The shock and utter disgust I felt as I tapped through Instagram and WhatsApp stories and saw so many Africans posting pictures of the Queen Elizabeth II, accompanied by a broken heart and sad face emoticons, left me broken. I know we’ve all been patiently waiting for Jordan Peele to make Get Out: Part Two, but it seems as though I’m one of the main characters in the imagined sequel.
I can’t understand why any African person, or a person of African descent, would mourn the Queen in the same way one would a close maternal relative. Simply put, the Queen is the symbolic embodiment of colonialism, imperialism and white supremacy.
“What in the Stockholm Syndrome?” is a message reply I received in a group chat, where an ongoing discussion was taking place surrounding the reactions to the Queen’s passing. And honestly, I think Stockholm Syndrome is the only viable explanation one can give for the horrifying response.

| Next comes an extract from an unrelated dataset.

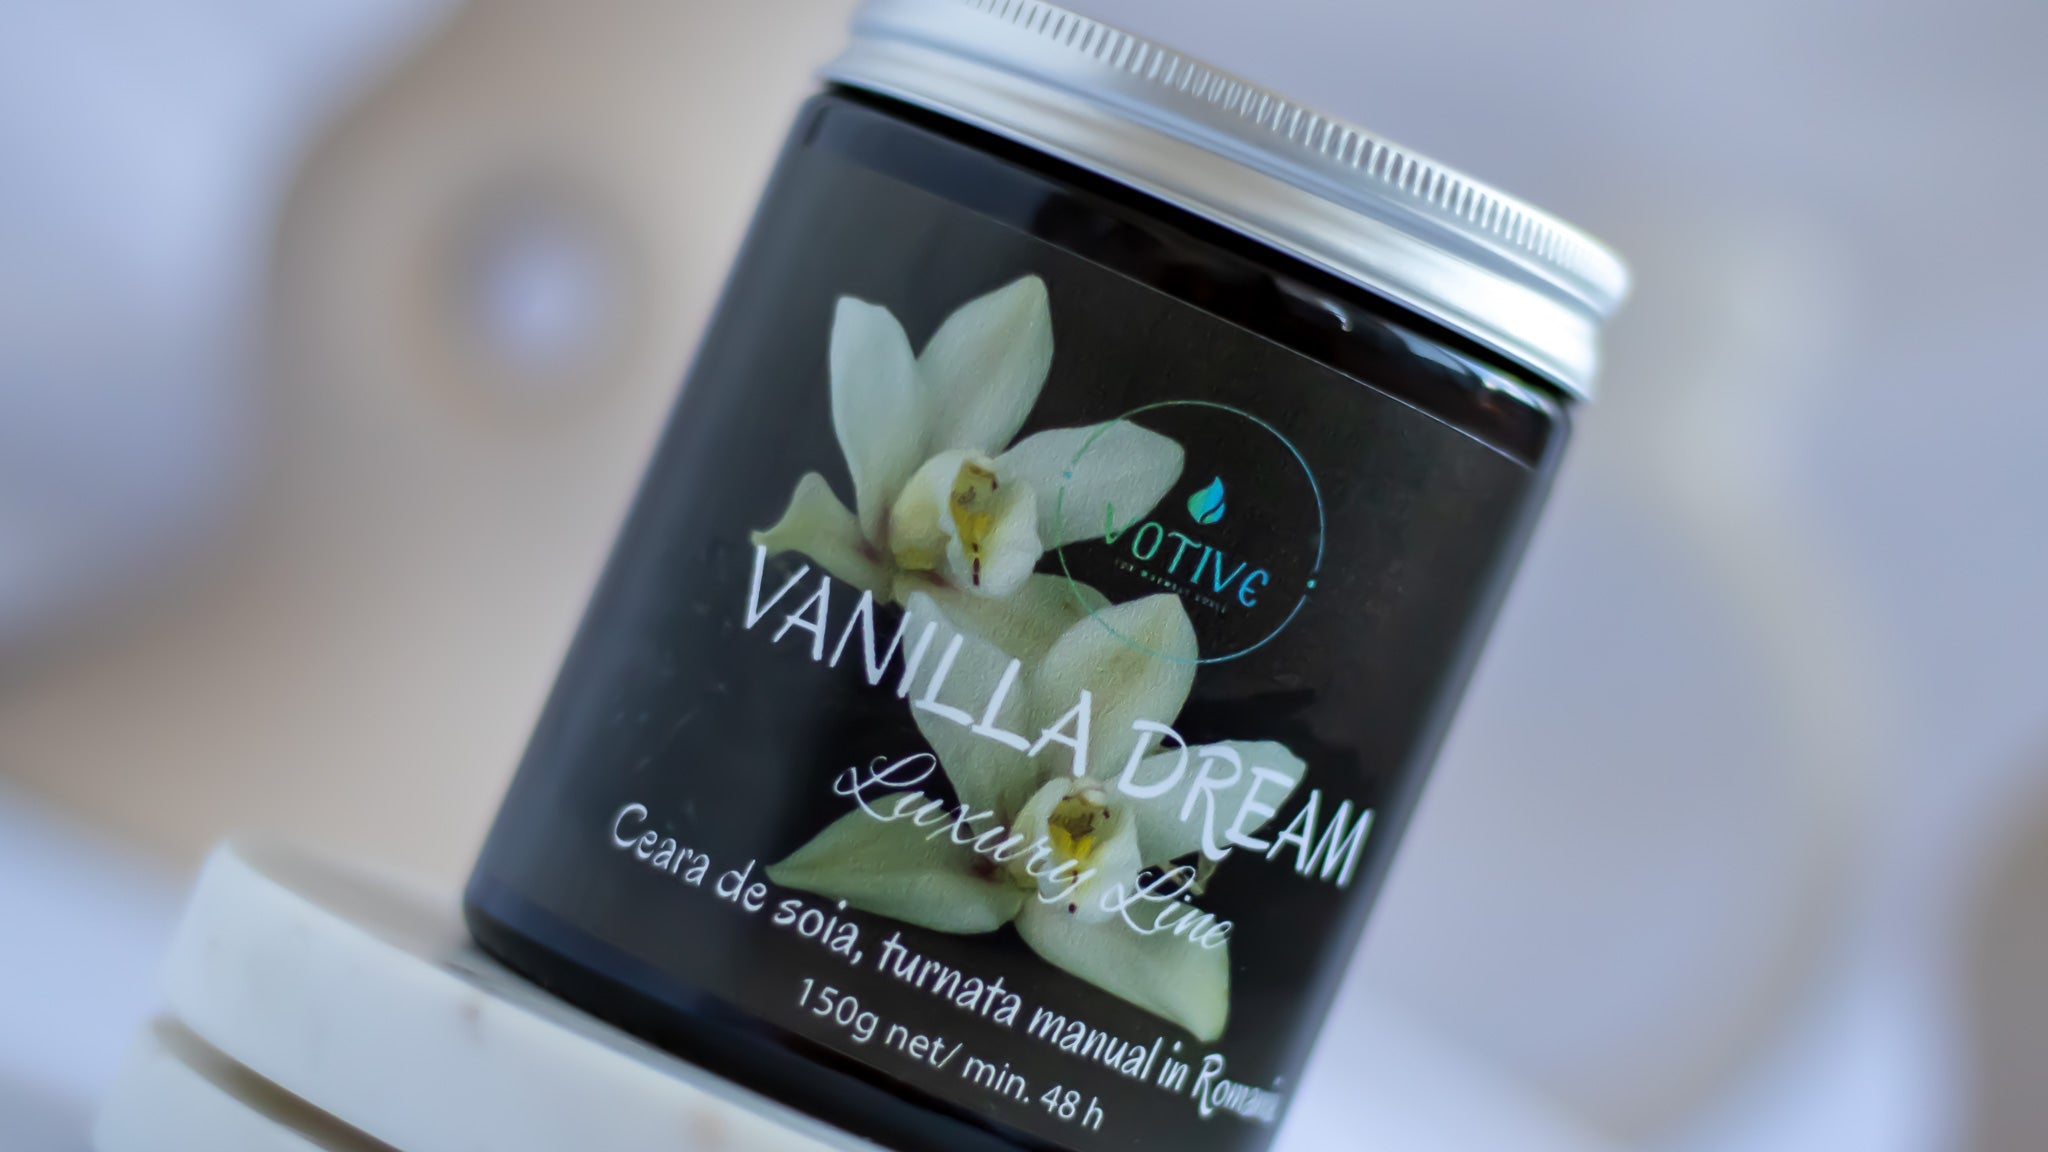 Lumânare parfumată Vanilla Dream, realizată manual, de la Votive

For me, the response to the Queen’s death is about the devastating psychological impact of colonialism in Africa and slavery in America. I ask us, why are we holding the memory of the Queen in the same manner Stephen held Calvin in the movie Django Unchained?
The main rebuttal in response to the critiques of mourners and sympathizers is “the Queen is a human” and the mourning is out of respect. While she is in fact a human being, our ancestors suffered the most inhumane atrocities at the hands of the British monarchy. I ask us, was the British monarchy being respectful when they held our ancestors in slave castles on the West African coast? Did the British monarchy show reverence to our ancestors as they boarded slave ships and endured the treacherous journey to America, with chains wrapped around their wrists and ankles? Has the British Monarchy mourned the lives of our ancestors who did not survive the journey across the Atlantic?

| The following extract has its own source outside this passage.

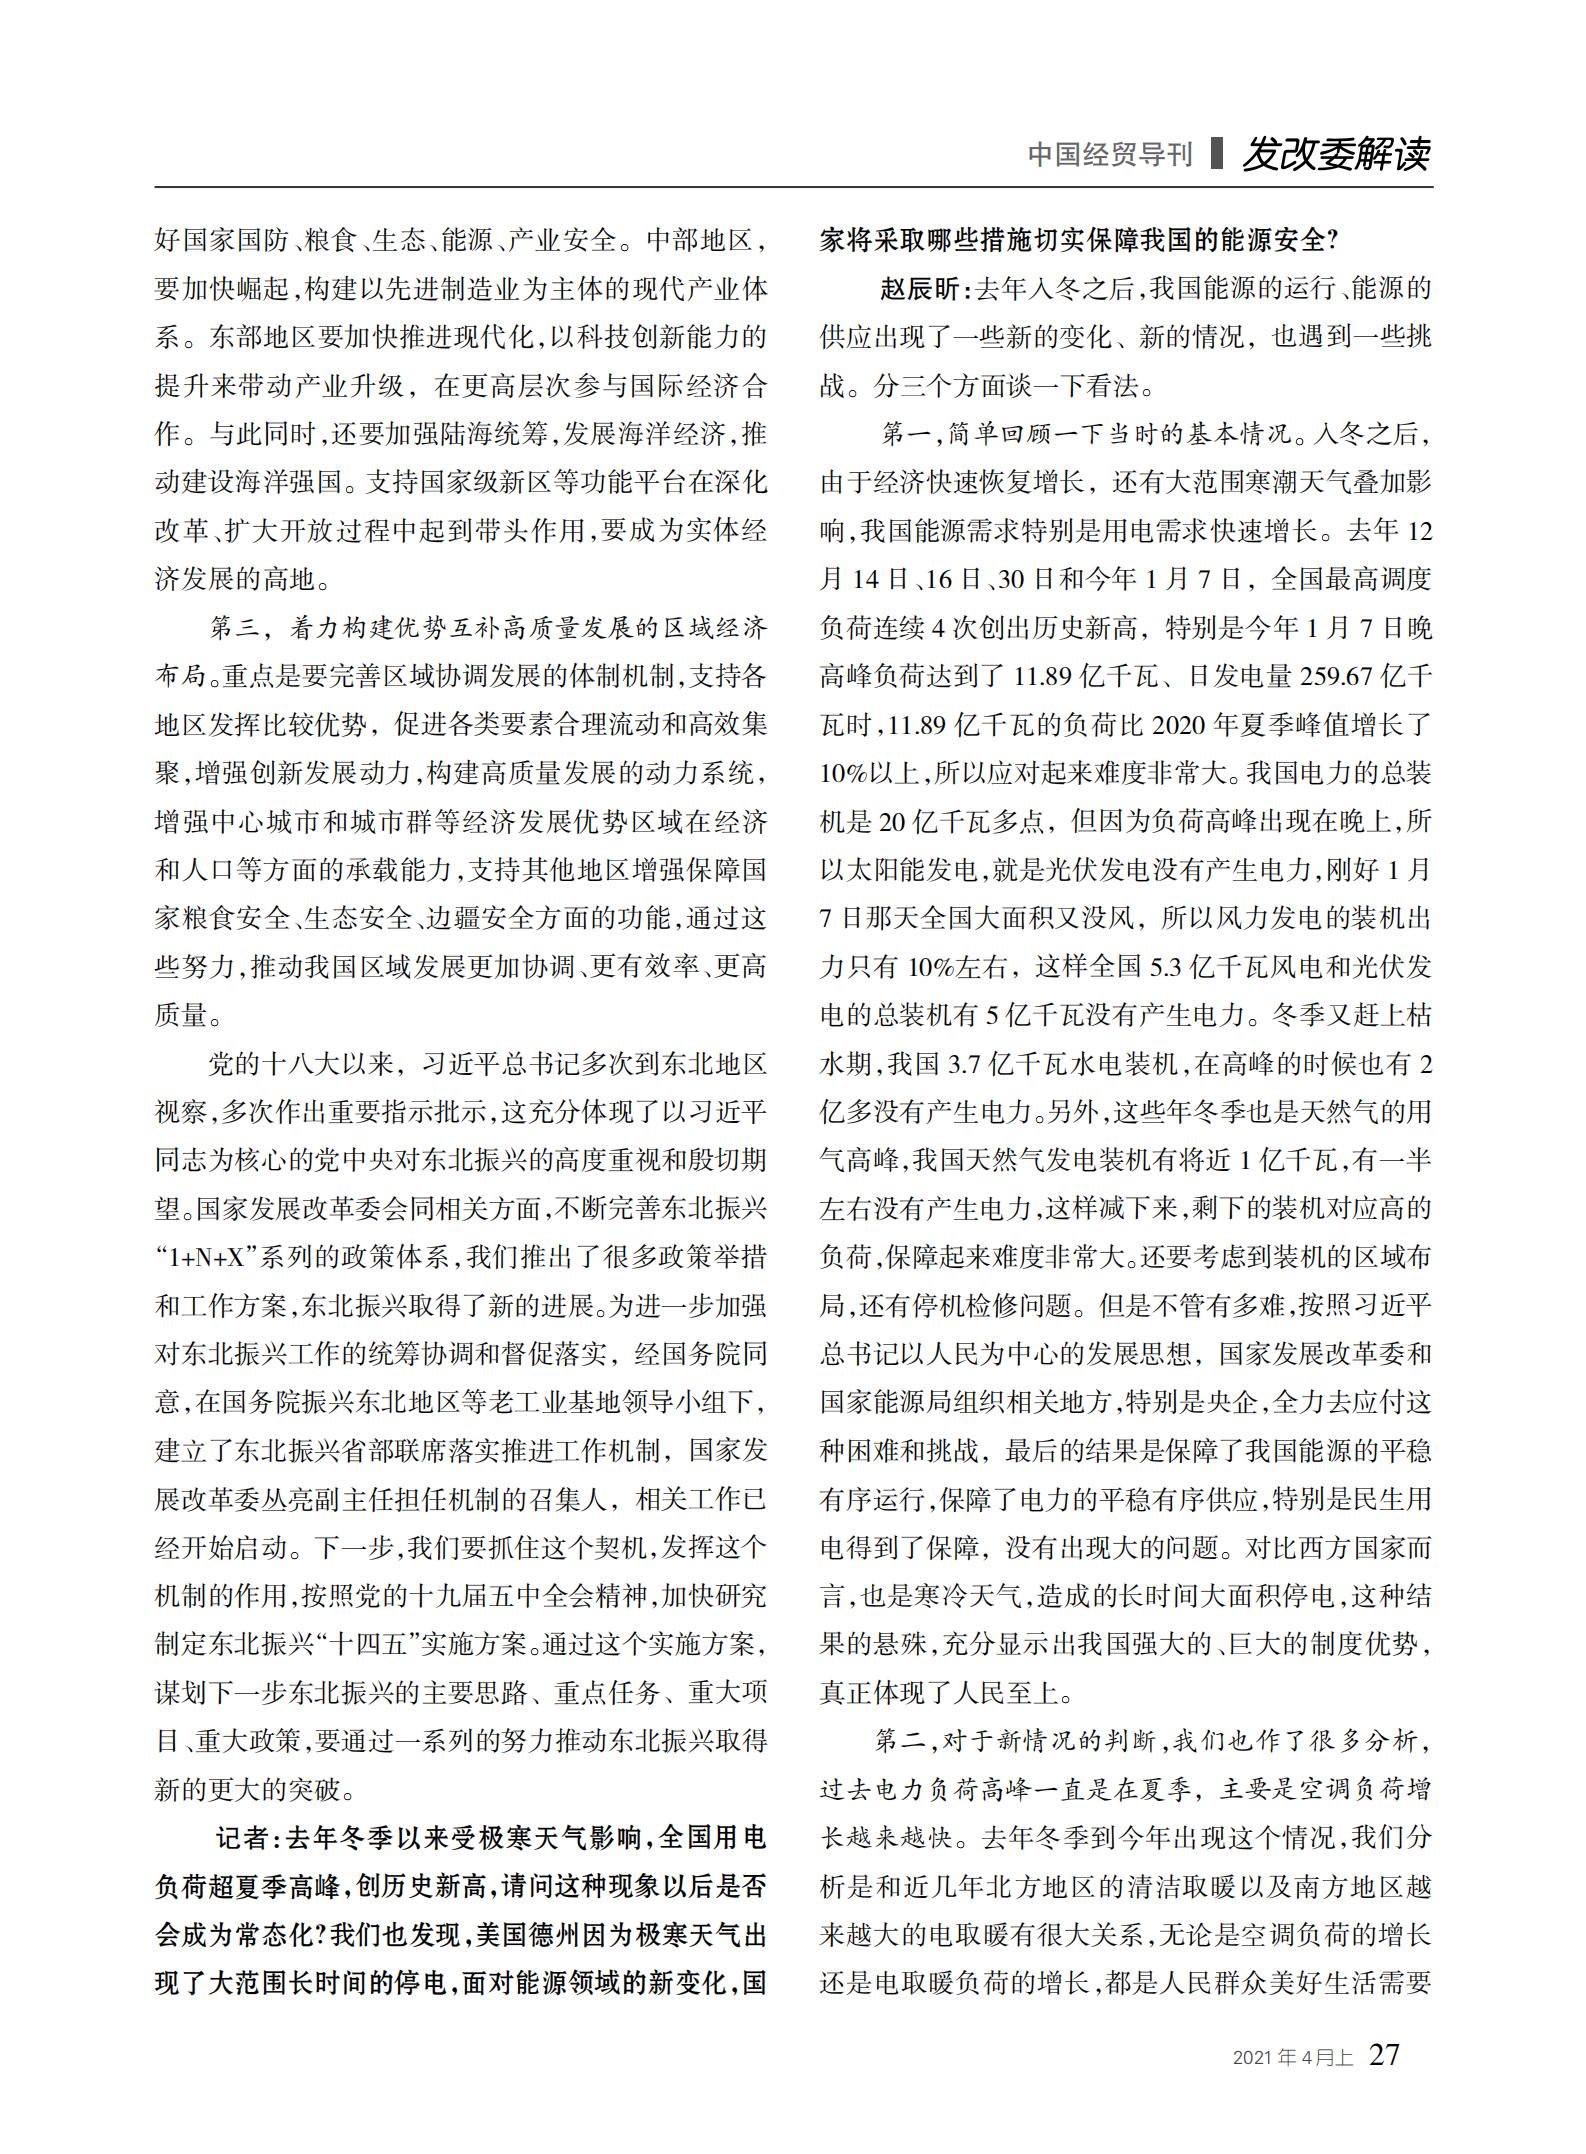 中国经贸导刊2021-4上印刷_26.jpg

While the U.S. economy was being built by the hands of stolen Africans, the African economy was being destabilized at the hands of colonial masters. The Queen herself worked tirelessly to avert independence movements across Africa. As if shamelessly adorning herself in stolen African jewels throughout her reign isn’t enough to make you regurgitate, the ease in which she pranced around the continent, visiting her former colonies as if absolved from African exploitation, should be enough to call for the permanent removal of your eye sockets.

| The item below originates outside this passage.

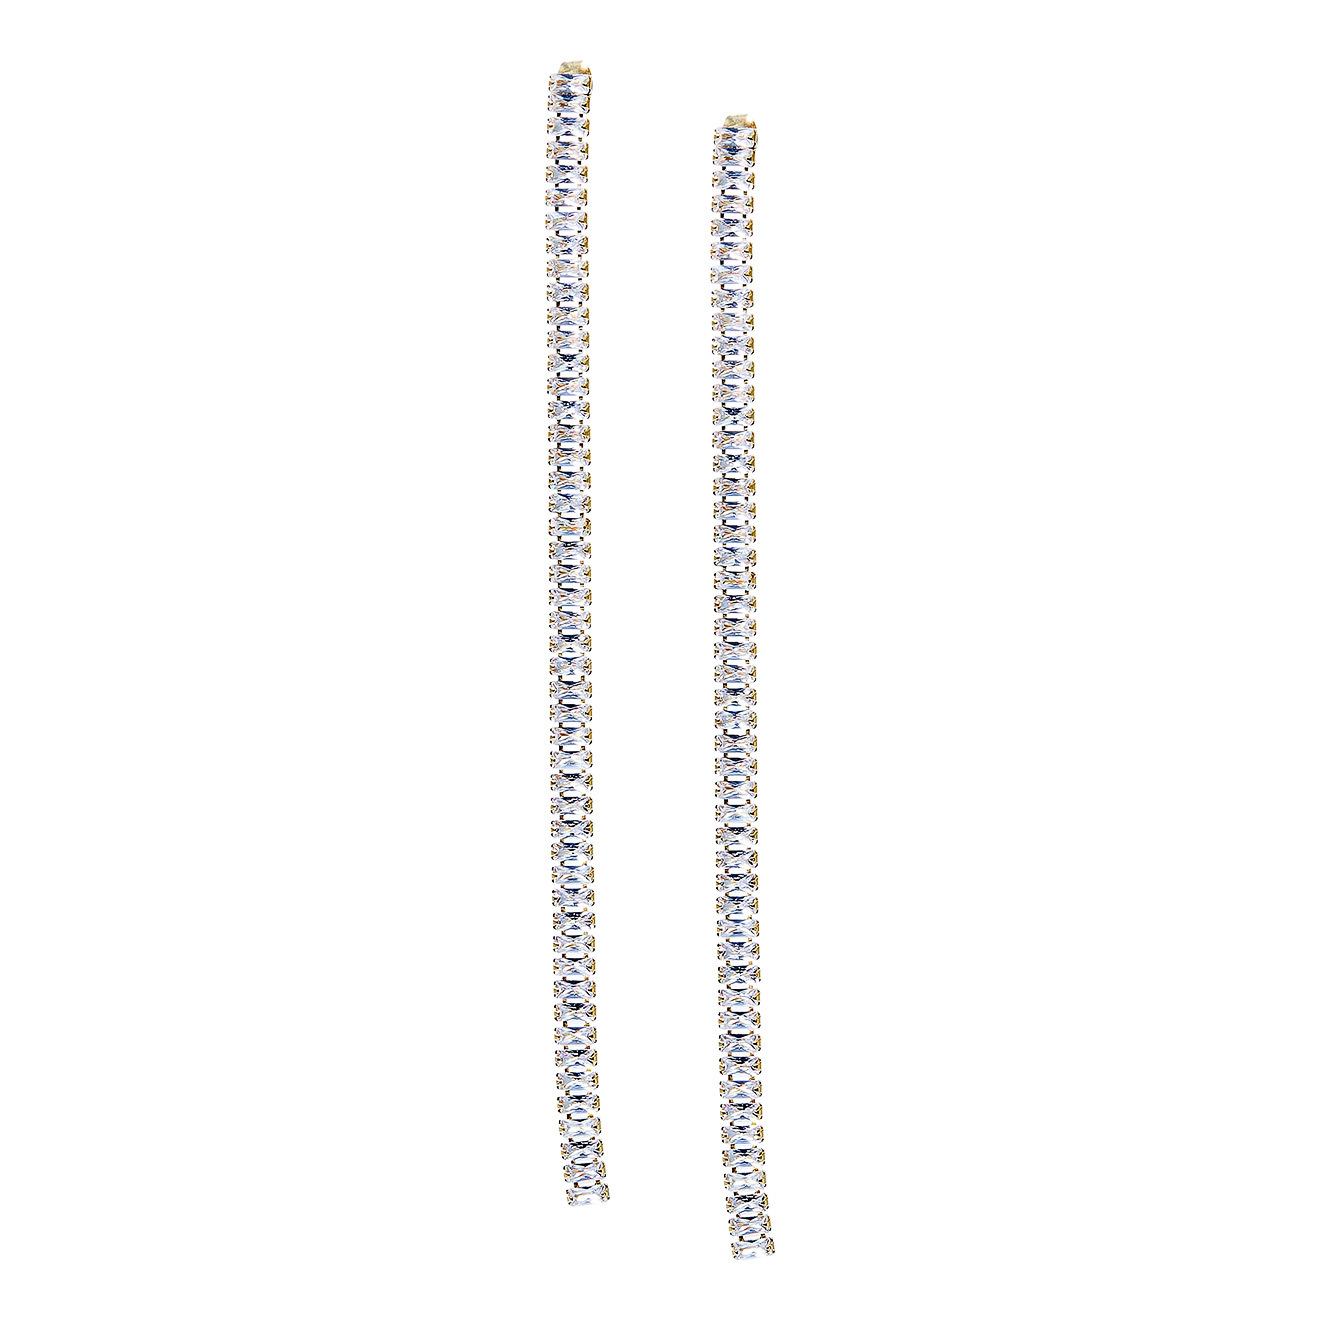 Herald Percy Золотистые длинные серьги-дорожки с кристаллами 38972

To mourn the Queen is to mourn a monarch who has committed the most extreme acts of terrorism that have reached far beyond the physical to impact our psyche.
Alexa, play “The Redemption Song” by Bob Marley and The Wailers.
Our ancestors did not fight for justice and freedom in order for us to one day mourn a member of a monarchy whose only gift to Africa and her children was a legacy of pain. There is no place for the idolization of our oppressor in the healing of Black America from the legacy of slavery or in the rebuilding of Post-colonial Africa.
If you’re an African on the continent, an African immigrant or an American of African descent and are mourning the Queen’s death, I am sincerely praying for your liberation.